These data indicate that the GFPcyt⁺ population of the Nestin-GFPcyt adult PNS comprised pericytes and endoneurial fibroblasts in addition to SGCs.

The Nestin-CFPnuc mouse line labels a subpopulation of DRG satellite cells

In contrast, CFPnuc expression in the DRG of Nestin-CFPnuc mice was more restricted than GFPcyt expression, as observed for the spinal cord. Within the DRG, CFPnuc⁺ were Edu⁺ (Figure 3G), always surrounding neuronal bodies and expressing SGC markers (GFAP+: 81% ± 2%, Figure 3K; SOX10: 46% ± 7%, Figure S2; NG2: Figure 3L, inset a). However, they never expressed markers of microglia/macrophage (Figure 3I), neuron (Figure 3J), myelinating Schwann cell (Figure S3D), fibroblast/endothelial cell (Figure S3E) or pericyte (Figure S3F). Thus, unlike GFPcyt expression, DRG CFPnuc expression was confined to only one cell type, the SGC. This observation was validated by immunogold labeling of Nestin-CFPnuc DRGs by electron microscopy. Gold particles were limited to the nucleus of cells extending very thin flat processes encasing individual neuronal cell bodies, corresponding, by definition, to SGCs (Figure 3M, inset a). The nuclei of the other DRG cell types, including neurons (Figure 3M, inset b), pericytes, endothelial cells (Figure 3N, insets a and b), myelinating Schwann cells (Figures S3G and S3H), macrophages (Figures S3I and S3J), or fibroblasts (Figures S3K and S3L), were never immunolabeled. When comparing the two lines, the fraction of perineuronal GFAP⁺ SGCs expressing CFPnuc (50% ± 7%) was reduced compared with those expressing GFPcyt (89% ± 6%).
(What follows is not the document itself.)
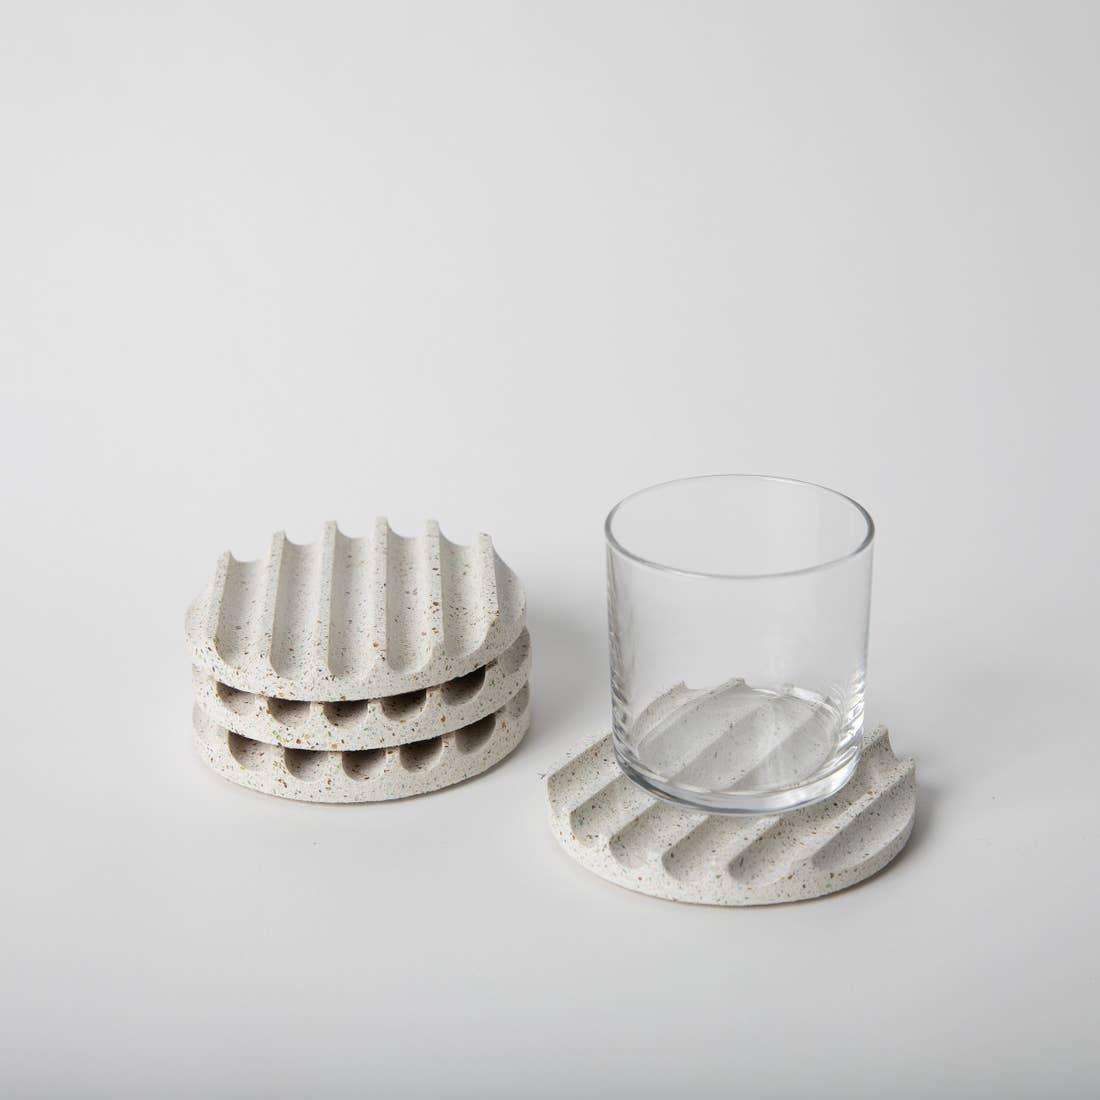 Image of Concrete Terrazzo Coasters + color options

The present data indicate that putative progenitors and SCs are present in the adult DRG. Although Nestin-GFPcyt mice had identified parenchymal progenitors and perineuronal SCs in the DRGs, the Nestin-CFPnuc mouse line traced only the presumptive DRG SCs with clear features of SGCs.
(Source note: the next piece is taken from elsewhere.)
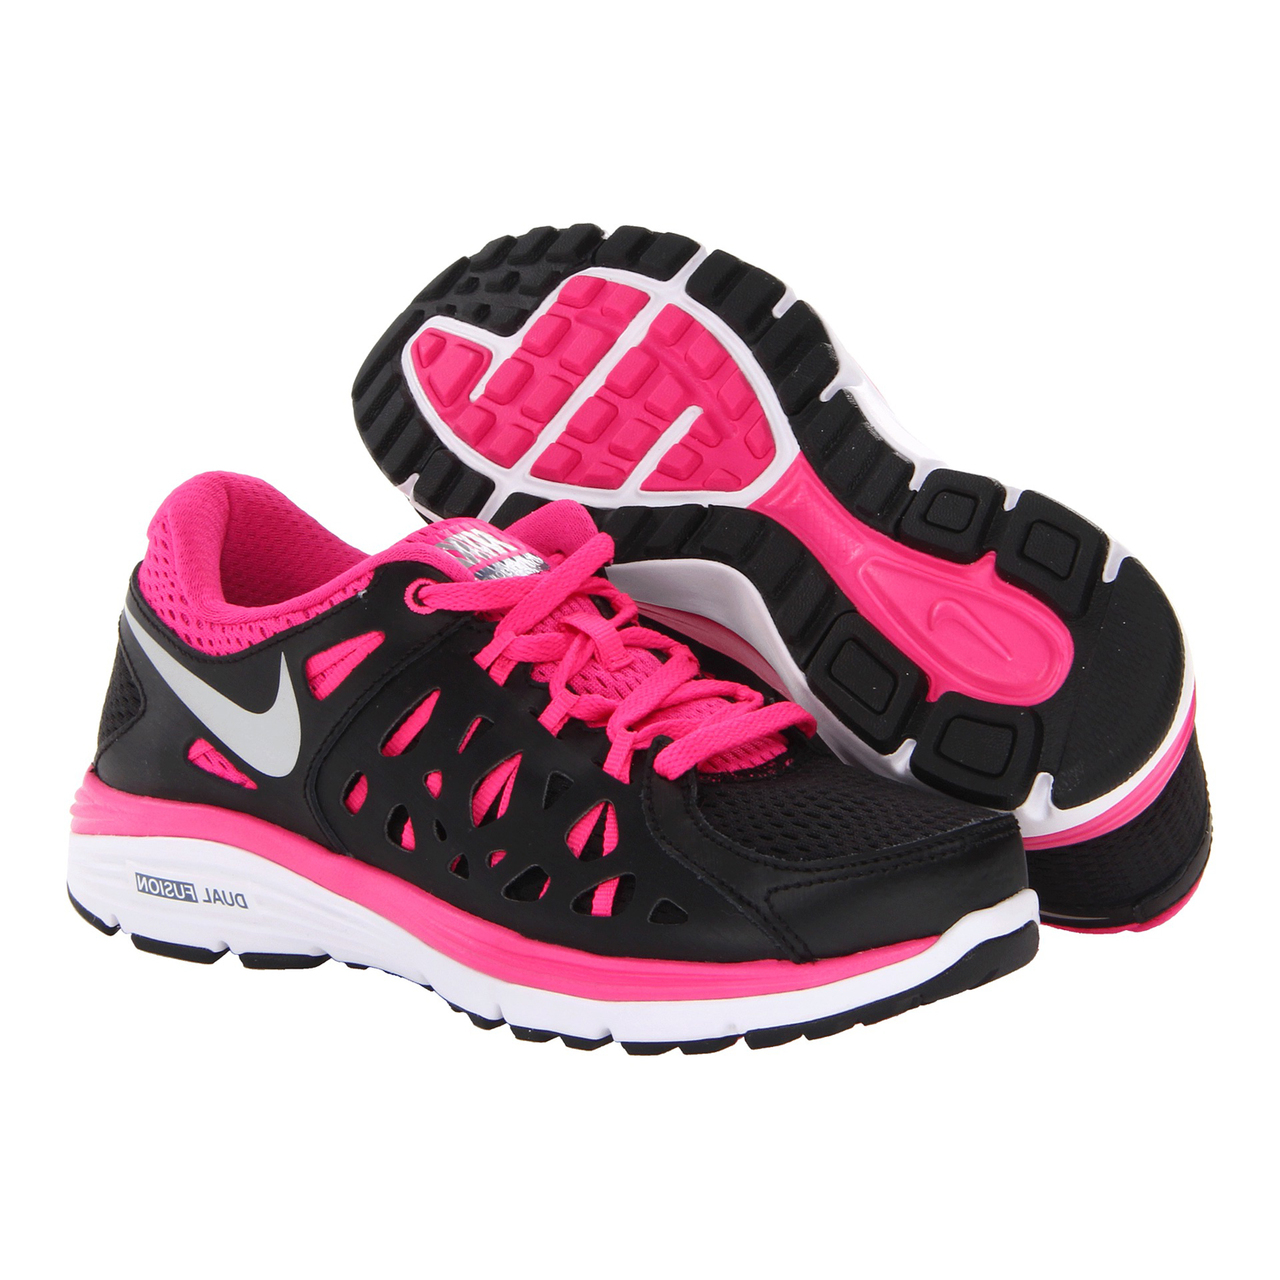 36bc44cff832ad Nike Dual Fusion Run 2 Black Pink Ladies Running Shoes - Shop now   Shoolu

DRG SCs give rise to neurons and glia in vitro

Taking advantage of the high specificity of the Nestin-CFPnuc transgenic line, we purified, by fluorescence-activated cell sorting (FACS), the putative DRG SCs to establish their stemness potential in vitro, taking the spinal cord as a positive control. After FACS and seeding, all spinal cord and DRG CFPnuc⁺ viable cells expressed the transgene, validating their successful purification (Figure S4).
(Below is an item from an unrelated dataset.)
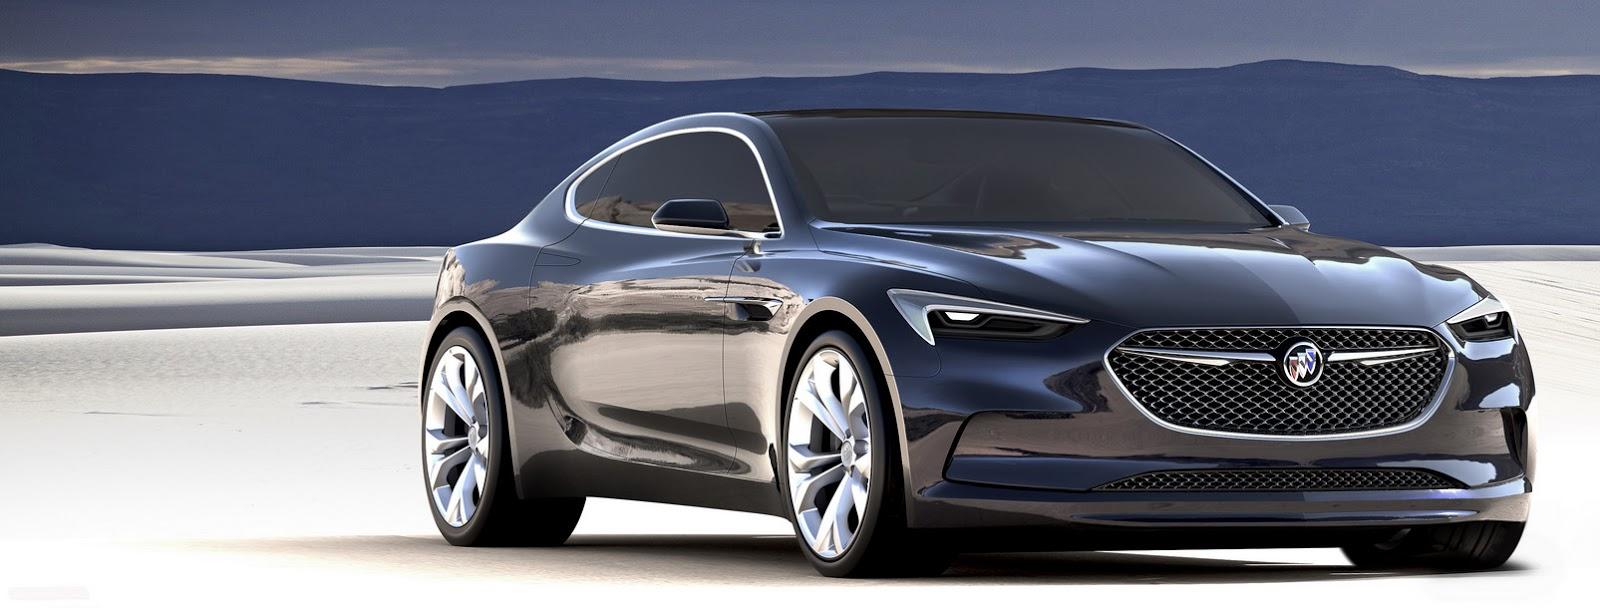 Buick Avista Concept With Twin-Turbo V6 May Hint At ...

First, we obtained proof that the FACS-purified spinal cord CFPnuc⁺ fraction was the only fraction capable to form free-floating spheres (Figures 4A and 4B), whereas, under the same growth conditions, the spinal cord CFPnuc⁻ fraction did not generate spheres and died (Figure 4J). After adhesion and growth factor retrieval to induce differentiation, spinal cord CFPnuc⁺ spheres were tripotent, as described originally (Meletis et al., 2008; Reynolds and Weiss, 1992), differentiating into oligodendrocytes 2', 3' Cyclic Nucleotide 3' Phosphodiesterase⁺ (CNPase⁺), astrocytes (GFAP⁺), and neurons (MAP2–MAP5+; Figures 4C–4E), validating that the Nestin-CFPnuc mouse line identifies CNS SCs.

Figure 4.

In vitro analysis of SC properties of purified Nestin-CFPnuc⁺ and Nestin-CFPnuc⁻ cells

(A–G) Ten days after in vitro expansion under subclonal conditions (<5 000 cells/mL) in EGF/FGF, FACS-purified adult CFPnuc⁺ spinal cord cells (SpCs) (A and B) or CFPnuc⁺ DRG cells (F and G) gave rise to CFP⁺ spheres.

(C–I) After growth factor removal and adhesion, spinal cord primary spheres differentiated into typical CNPase⁺ multi-branched oligodendrocytes (C), GFAP⁺ ramified astrocytes (D), and MAP2–MAP5⁺ process-extending neurons (E), whereas DRG primary spheres differentiated into GFAP⁺ bipolar spindle-shaped Schwann cells (H) and MAP2–MAP5⁺ process-extending neurons (I).

(J and K) Phase illumination shows that, after FACS purification, CFPnuc⁻ SpCs died over time (J), whereas CFPnuc− DRG cells generated adhering bipolar cells (K).

(L and M) After growth factor removal, CFPnuc− DRG primary spheres differentiated into αSMA⁺ flat fibroblasts, IBA1⁺ pancake-shaped microglia/macrophages (L), and GFAP⁺ spindle-shaped PNS glia but not into MAP2–MAP5⁺ neurons (M).

Scale bars: 20 μm (A–G, J, and K) and 100 μm (C–E, H, I, L, and M). See also Figure S4.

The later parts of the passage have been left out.